Bittrex given permission to unfreeze funds for sanctioned customers

Bittrex appears to be doing their honest best to please U.S. regulators while also doing right by their customers. The exchange has recently informed some customers that funds that may have been frozen due to U.S. sanctions will now be made available, if certain conditions are met.

News broke of these funds becoming available care of Twitter user Ziya Sadr on November 8:

The root of the issue comes down to Bittrex being forced to suspend accounts with ties to Iran, Syria, Cuba, and Crimea in 2017. As each of these areas are sanctioned by the U.S. government for different reasons, but primarily because they are seen as perceived threats to U.S. security, not allowing cryptos to freely flow in and out of an American based exchange makes perfect sense.

Bittrex wrote in their letter:

In May of 2018, Bittrex filed an application to permit it to release the funds currently frozen back to the owners.
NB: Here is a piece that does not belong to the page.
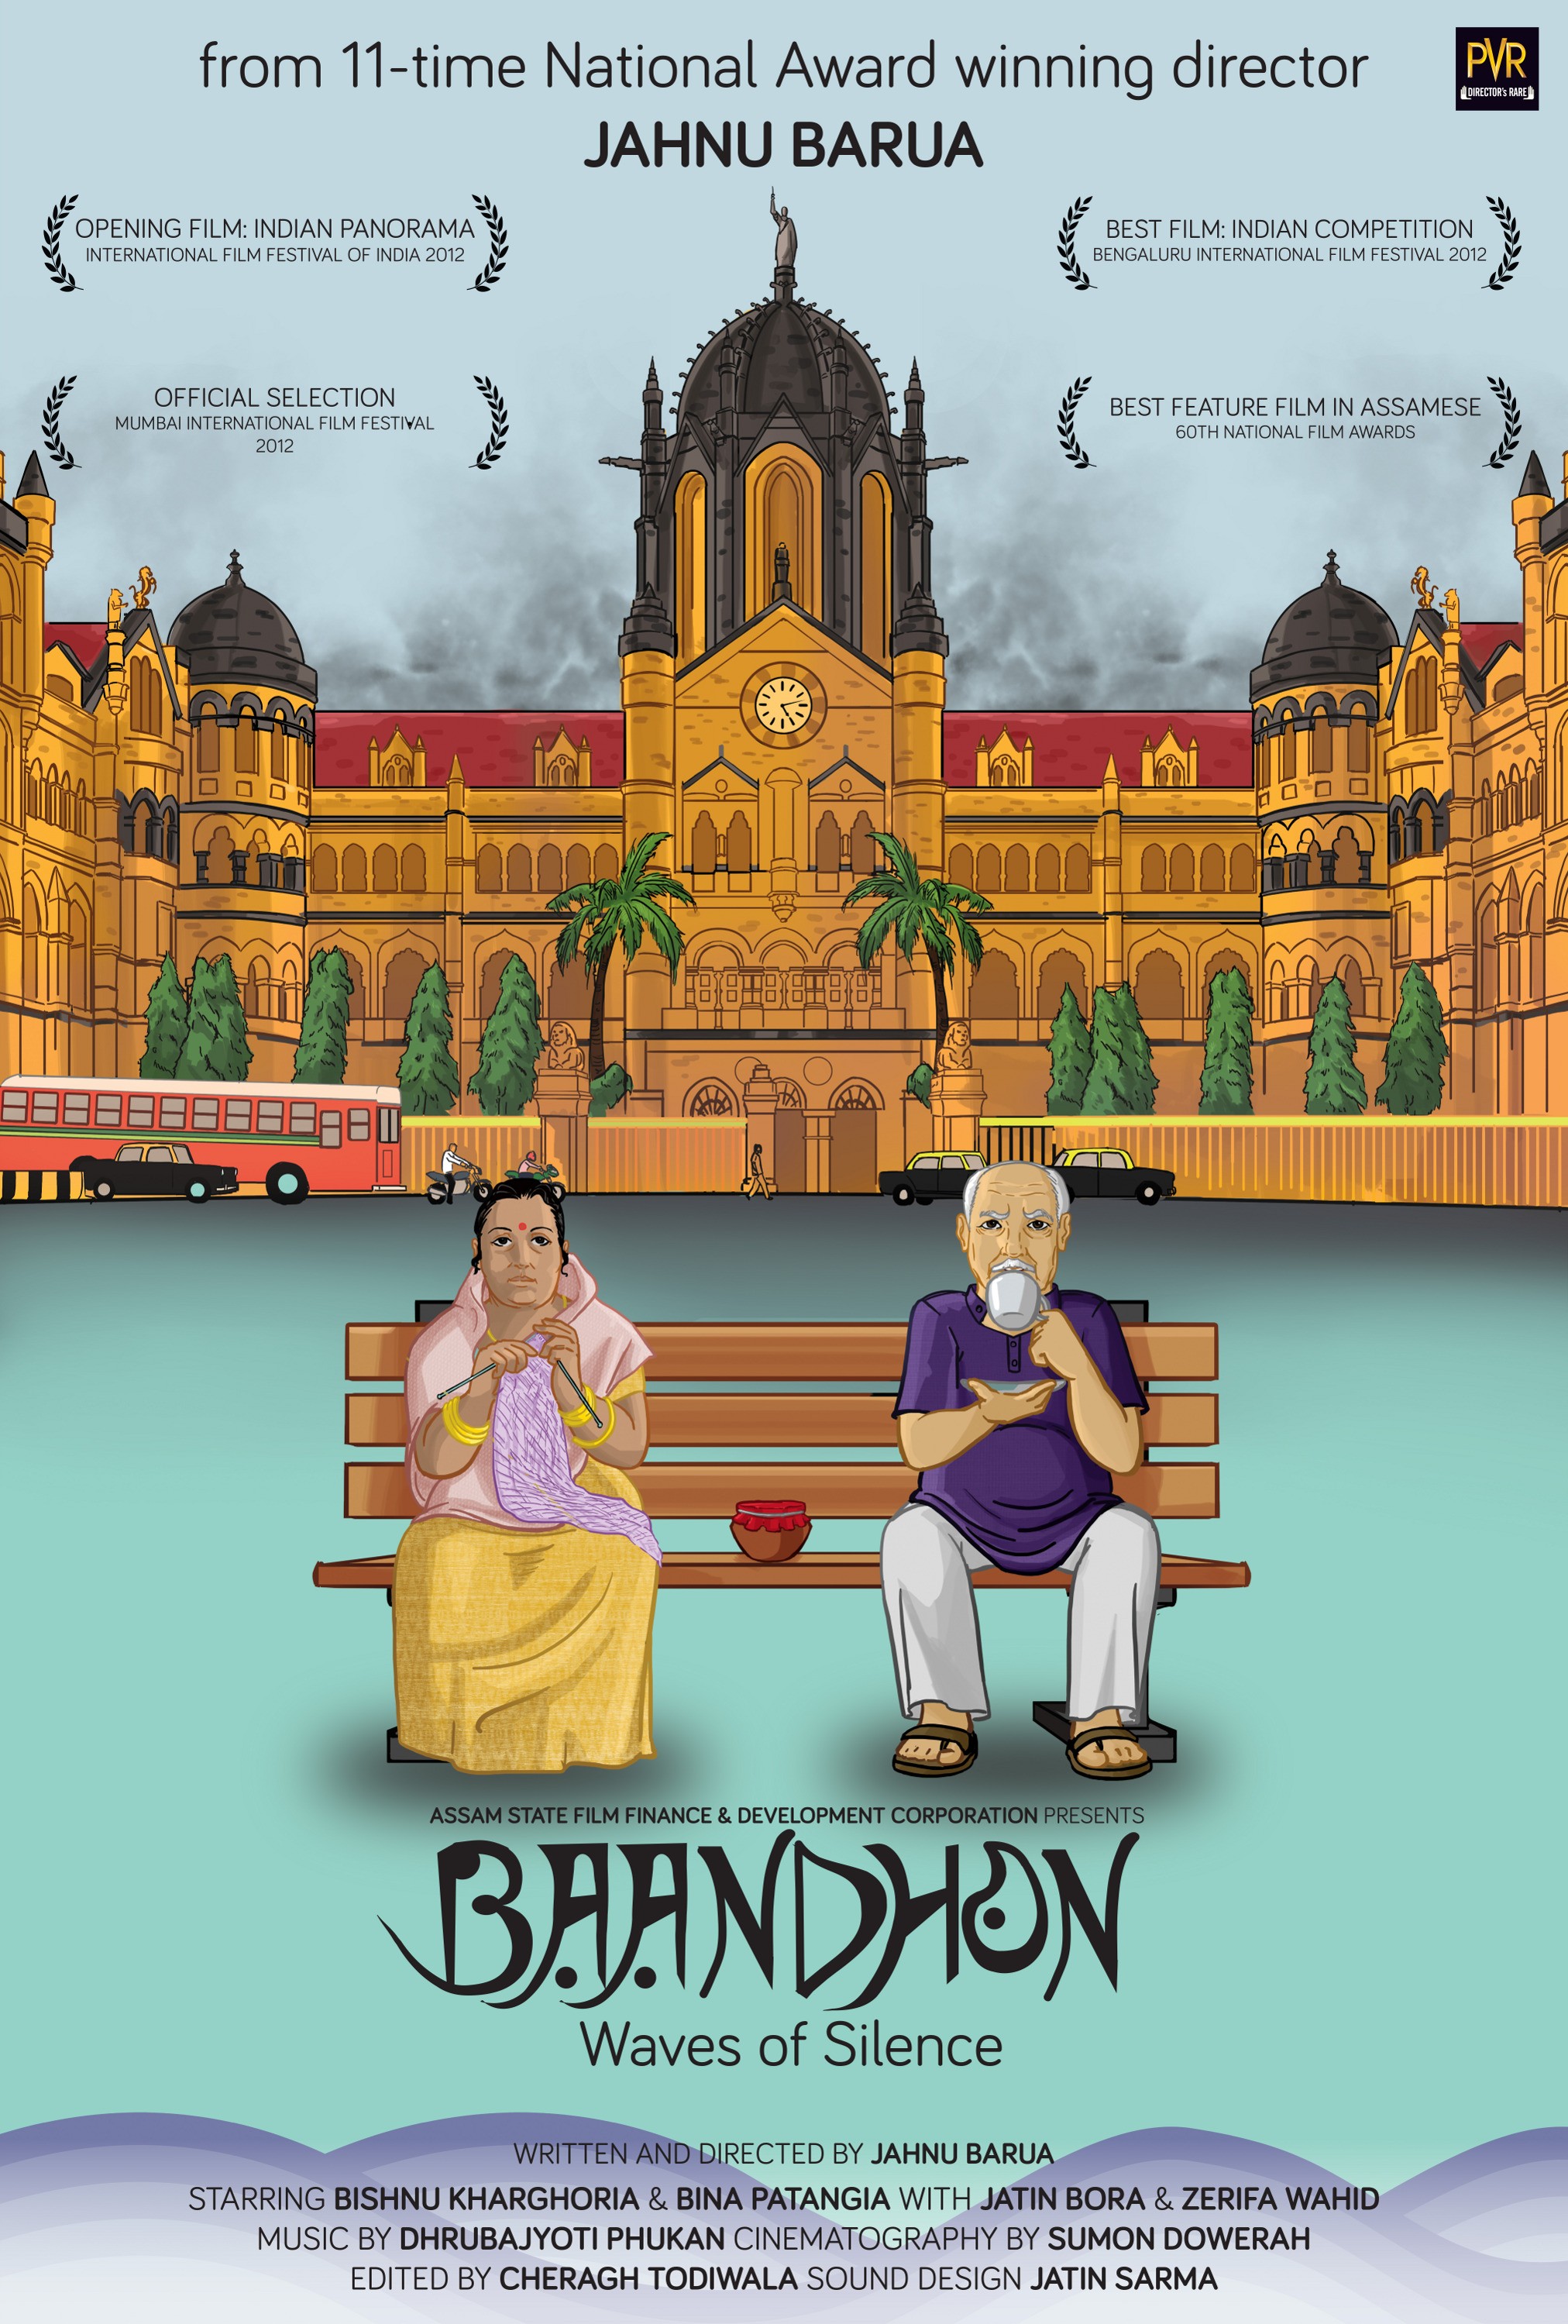 Mega Sized Movie Poster Image for Baandhon 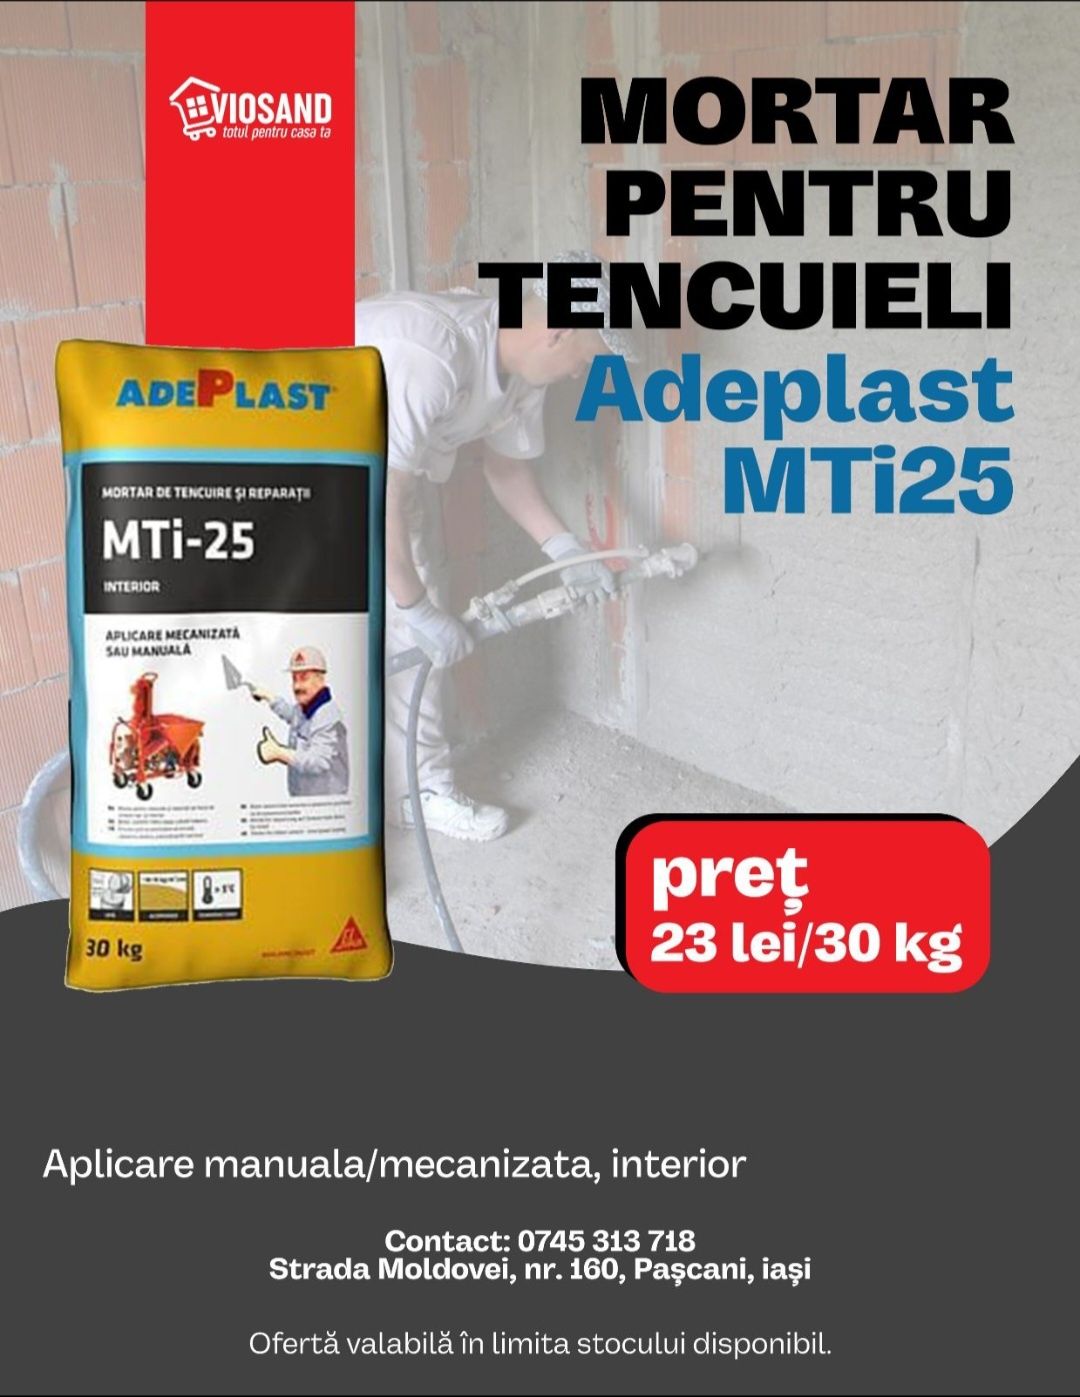 Tencuiala aplicare manuala / mecanizata Adeplast MTi-25, interior, 30

This application was recently granted and we are writing to let you know that you may withdraw your funds to another exchange.

The unfrozen accounts must meet a key condition to have their funds withdrawn however: The hosted wallet or exchange they wish to withdraw to must not be in a U.S. sanctioned country. That makes a lot of sense, but for anyone actually based in those countries, it could cause an issue.

For those who don’t want to understand why their money must comply with the law, this was heartbreaking news.

This looks like it will increasingly become the norm, as governments start applying rules that have always applied to fiat money to digital assets. Just as Iran has had a difficult time operating its banks in the face of U.S. regulations, compliant crypto exchanges, hoping to keep America happy with their businesses, will start following the same laws or risk getting shut down.

As Dr. Craig Wright recently warned, those defiantly operating outside the law will soon see their time run out. As he pointed out, even the most decentralized digital currency services were shut down once governments grew tired of their criminality.